He braced his arms and legs for a long climb. The well was narrow enough that he could jam himself between two opposing sides, scuttling upward and hurting his back and his neck and his dignity most of all. “Dignity is for knights,” he scoffed under his breath. Merlin was a mage. A bit of absurdity came with the territory.
When he reached the top, he gripped the edge, hoisted one leg, and rolled over. He hit the flagstones of a central square with a resounding smack. He stood, shoved his glasses into place, and looked around.
At Camelot.
It wasn’t off in some hazy distance, surrounded by dragons and dreams. The city was here, the city was now. A normal day in Camelot should have been bustling with crowds, crying babies, forges clanging, and those incessant flutists—a shrill reminder that music wouldn’t improve for centuries. Yet all was silent, still. Layers of odors that he hadn’t even known he’d missed stampeded his senses. Damp earth. Sprightly grass. Meat cooked in a godless amount of butter…
And there was his castle rising above the whole scene, keeping watch over the city. It was Arthur’s, too, yes, but Merlin had designed it for the young king, giving it towers and secrets that regular castles could hardly dream about. It had been his highest achievement, next to Arthur’s reign. Only now the castle looked small—the starscrapers of the twenty-second century had broken his sense of scale—and yet the way it stood against this perfect blue morning left a mark.
On the sky. On his soul.
He was home.
Merlin’s memories should have risen up to meet him, rather like the flagstones had risen up to meet his face, but none were forthcoming. Perhaps he was too nervous. After all, he wasn’t supposed to be facing his past alone. The time portal had tried to burst his body into atomic confetti, but even worse, it had ripped his friends away from one another. He looked around for Ari, Gwen, Jordan, Lam, and Val, wondering if they’d all landed safely in the square while he alone had had the misfortune of shooting straight down the barrel of a smelly well.

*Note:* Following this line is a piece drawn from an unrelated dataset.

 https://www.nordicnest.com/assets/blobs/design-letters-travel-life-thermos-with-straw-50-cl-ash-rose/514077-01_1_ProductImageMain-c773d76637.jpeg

All he found was one young person with a gaping mouth and fishy-wide eyes watching his every move. They had ruddy white skin and scruffy brown hair, and they said a word that sounded a fair bit like shit.
It was hard to adjust now that he had gotten used to the distinct Mercer accent of the future. Not Mercer; English, the language is English, Merlin corrected. Curse that consumer monster with its uncanny knack for swallowing culture and rebranding history! Actually, he’d gone back far enough that England didn’t exist quite yet. The island was known as Britannia during this time. He spent a moment mentally mapping it out: Camelot’s golden age had flowered just before the Norman invasion, and after the island’s run-in with the Roman Empire, which left nothing but divisions and bathhouses in its wake.

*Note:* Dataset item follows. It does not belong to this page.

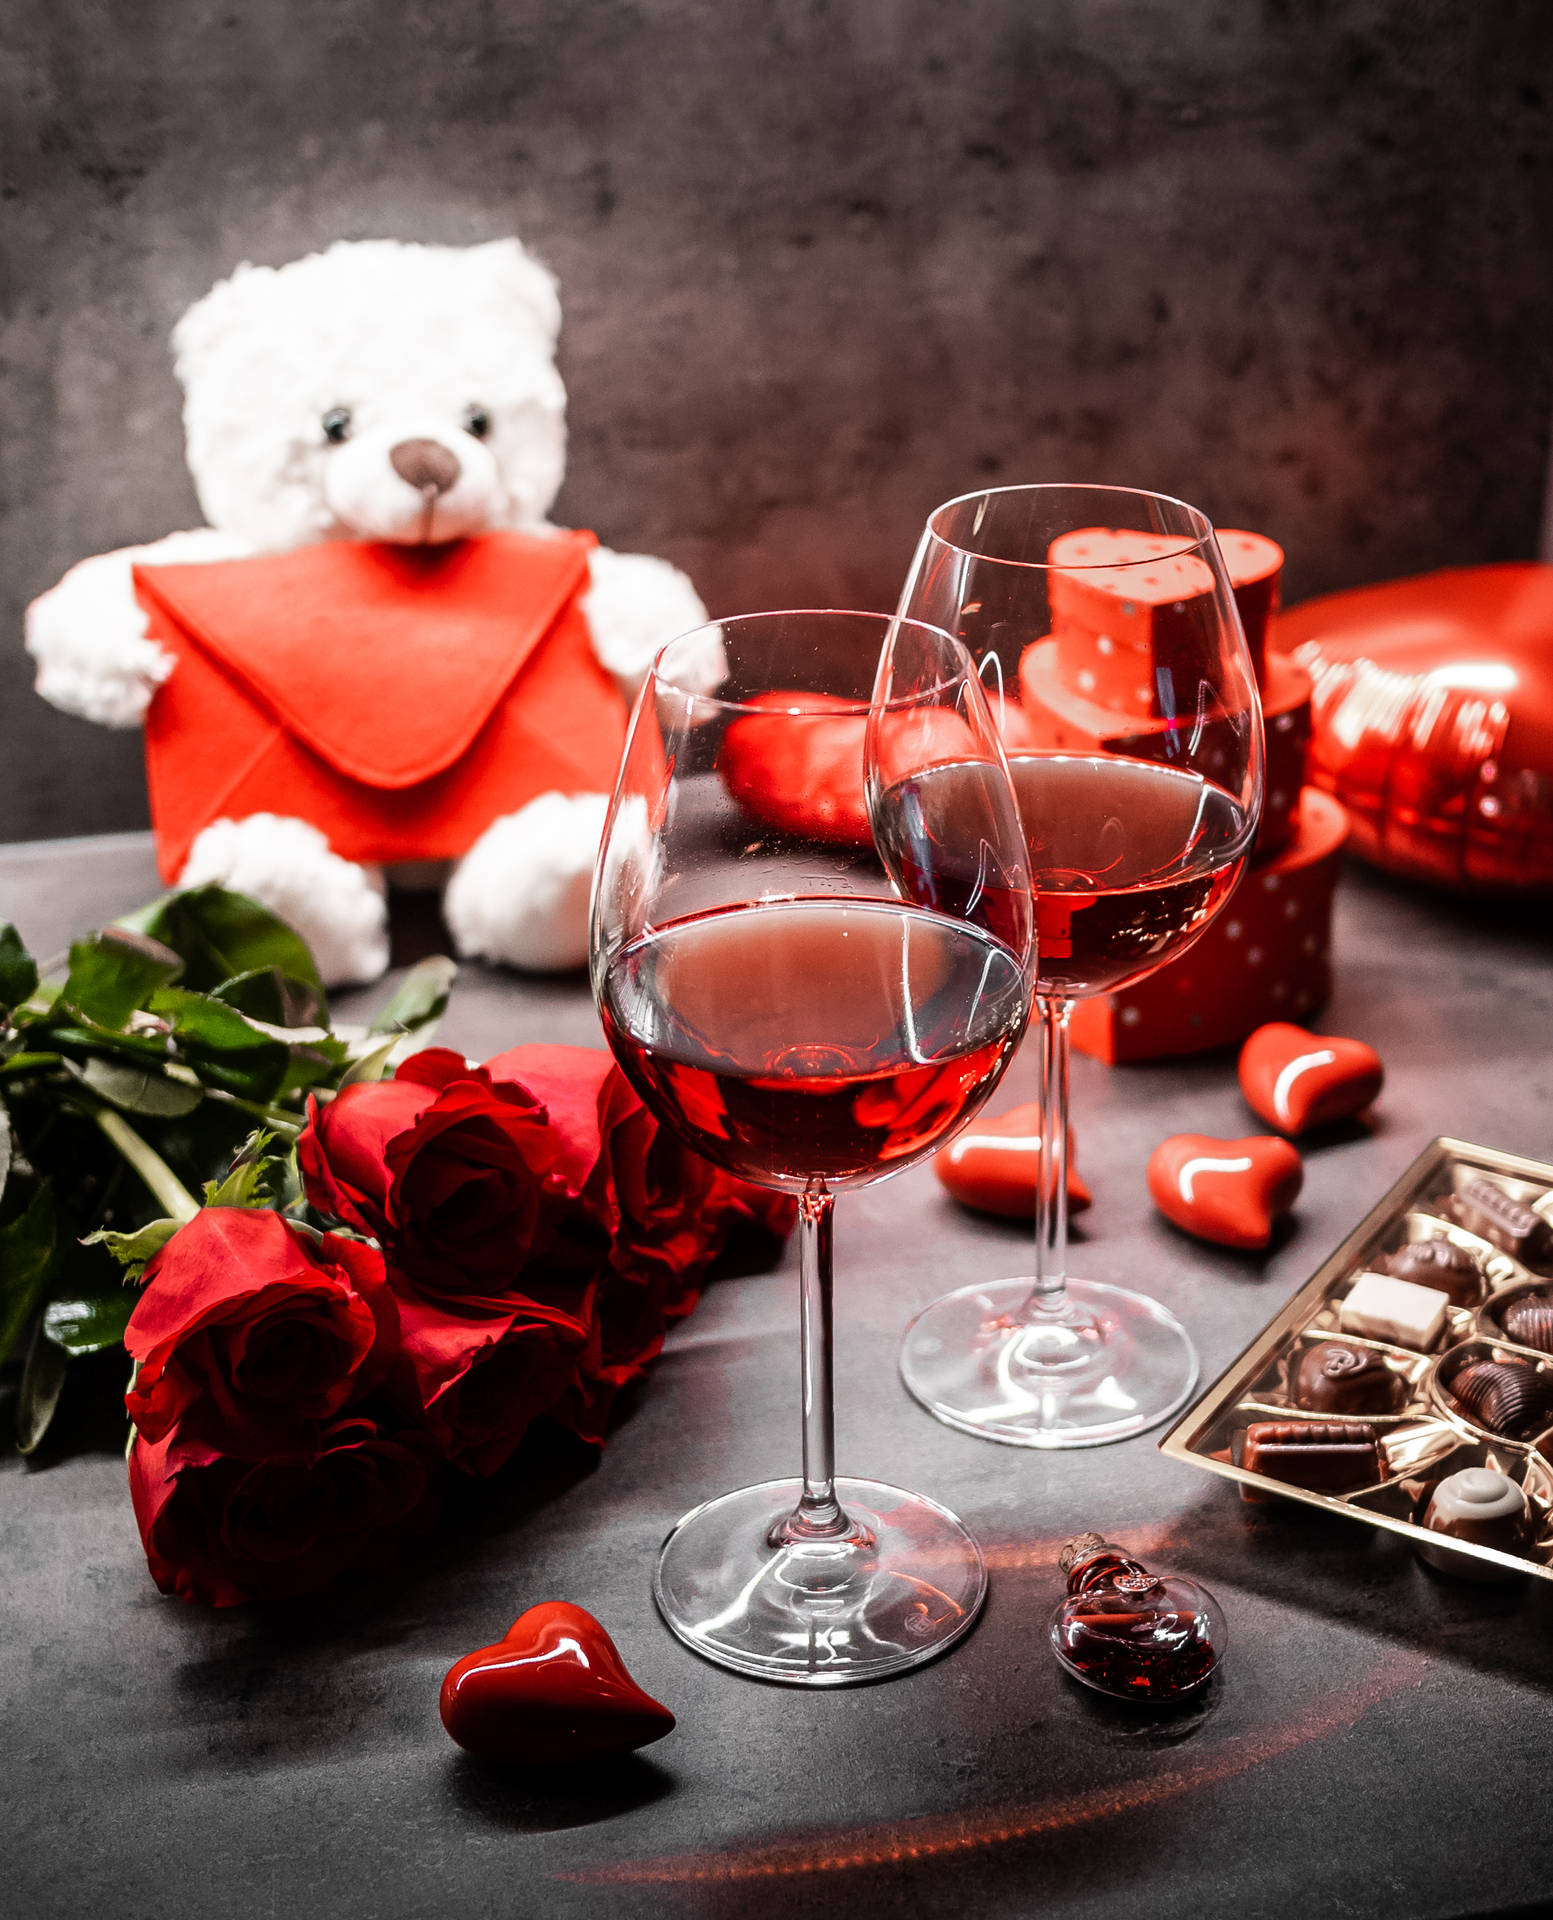 Romantic Love Flowers Red Roses And Wine Background

“Good day!” Merlin shouted heartily, causing the scruffy kid to drop their bucket.
They eyed him, then the well. “Did you spring from the roots of the stone?”
“Stones don’t have roots,” he quipped, though he enjoyed the way this language lent itself to metaphor. His future-y friends had been so amused by his allegorical loquaciousness, but it was a remnant of his origins, a rare one he actually treasured. Not that he knew his precise origins. The farthest back he could remember was waking up in the crystal cave, ancient and alone.
“Then where did you come from?” the small stranger asked.
Merlin suppressed the desire to say a galaxy far, far away. “I’m from Camelot.”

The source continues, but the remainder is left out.